The U.S. government’s cybersecurity agency recently rejected requests from senior Department of Homeland Security officials to share private companies’ confidential information, two people familiar with the matter told POLITICO, in the latest dust-up between the cyber agency and Trump administration appointees.
The requests from DHS Assistant Secretary for Public Affairs Alexei Woltornist set off alarm bells inside the Cybersecurity and Infrastructure Security Agency, a component of DHS, because the agency sees protecting its partners’ information as key to maintaining productive relationships with them, one of the people said.
CISA has been helping to lead the investigation into the wide-ranging SolarWinds hacking campaign, which compromised numerous federal agencies and corporate networks. That campaign was "likely Russian in origin,” CISA said in a joint statement Tuesday with the FBI, the Office of the Director of National Intelligence and the NSA.
The cyber agency has also collided with President Donald Trump, who dismissed former CISA Director Chris Krebs after he debunked the president’s conspiracy theories about the election.
Woltornist wanted CISA to turn over information that businesses shared with the agency related to the SolarWinds campaign, according to the second person.
A DHS spokesperson confirmed that the department made the request but not that it involved SolarWinds.
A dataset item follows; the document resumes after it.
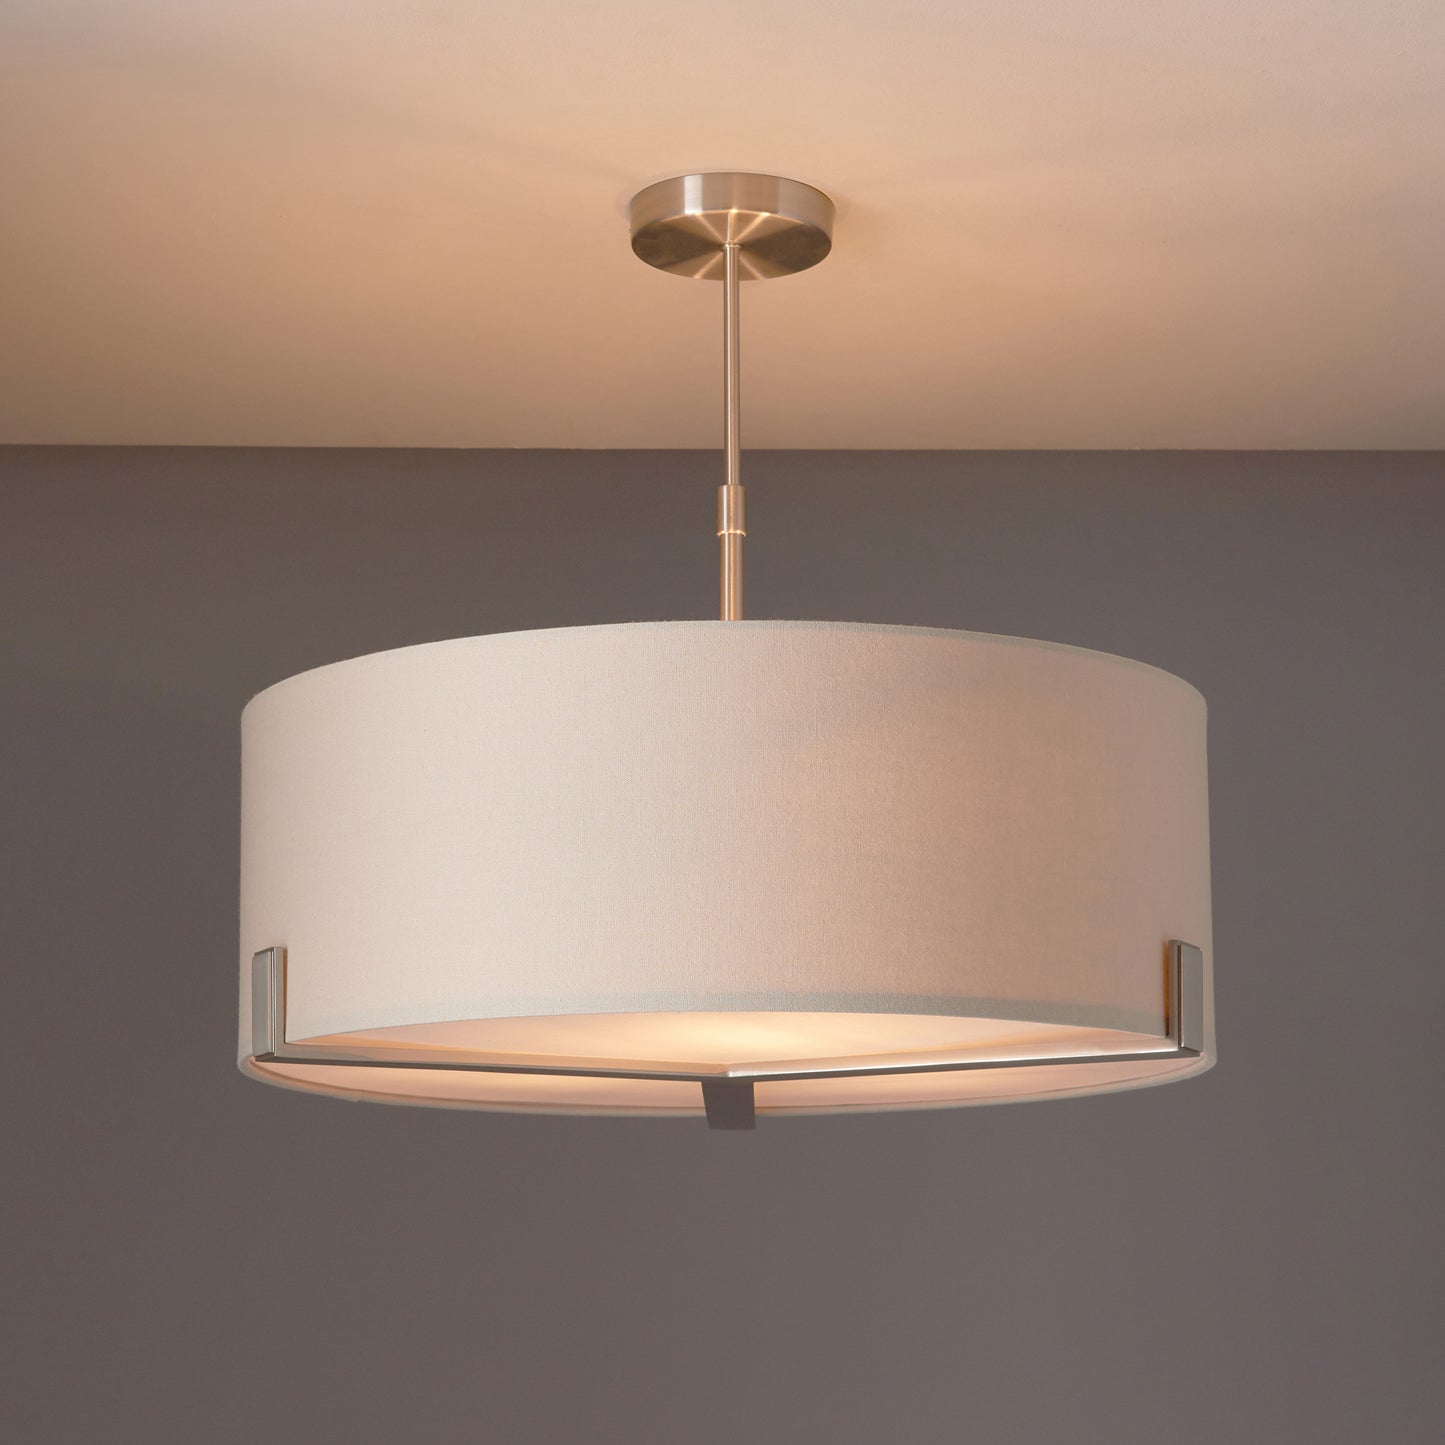 A modern Hayfield Pendant Light Nickel/Slate light fixture for interior decor.

“A request was made from DHS headquarters to CISA on all areas of critical infrastructure and the contractual steps taken by CISA to protect private sector information,” spokesperson Chase Jennings said. “With the scale of the recent cyber breach, information sharing on threats across the US government, while protecting contractual obligations, is a top priority of the department. DHS headquarters is responsible for overseeing operational functions of all its components, including CISA.”
Technical data about cyber intrusions sometimes reveals proprietary information about the organization sharing it. When CISA solicits this information from businesses as part of its effort to understand cyber threats, it typically promises not to share confidential data with other agencies.
A CISA spokesperson, who insisted on anonymity to discuss internal matters, said that “CISA regularly shares operational information with DHS leadership” but did not address this specific request.
The dispute, first reported by The Wall Street Journal, ramped up the tensions between Trump loyalists inside the government and CISA, which earned the president’s ire by debunking the false claims of election fraud that he and his conservative allies promoted to discredit President-elect Joe Biden’s victory.
In addition to firing Krebs, the White House also forced out his deputy and another top CISA official. On Tuesday, the White House dismissed Sara Sendek, CISA’s director of public affairs, who joined the government alongside Krebs and worked closely with him to promote CISA’s election security work.
One of the people familiar with the matter linked Woltornist’s requests for confidential data with the friction that prompted Sendek’s ouster.
“Political leaders at DHS were trying to interfere with [CISA’s] operational relationships with private-sector partners,” this person said, “and I think that was the final straw.”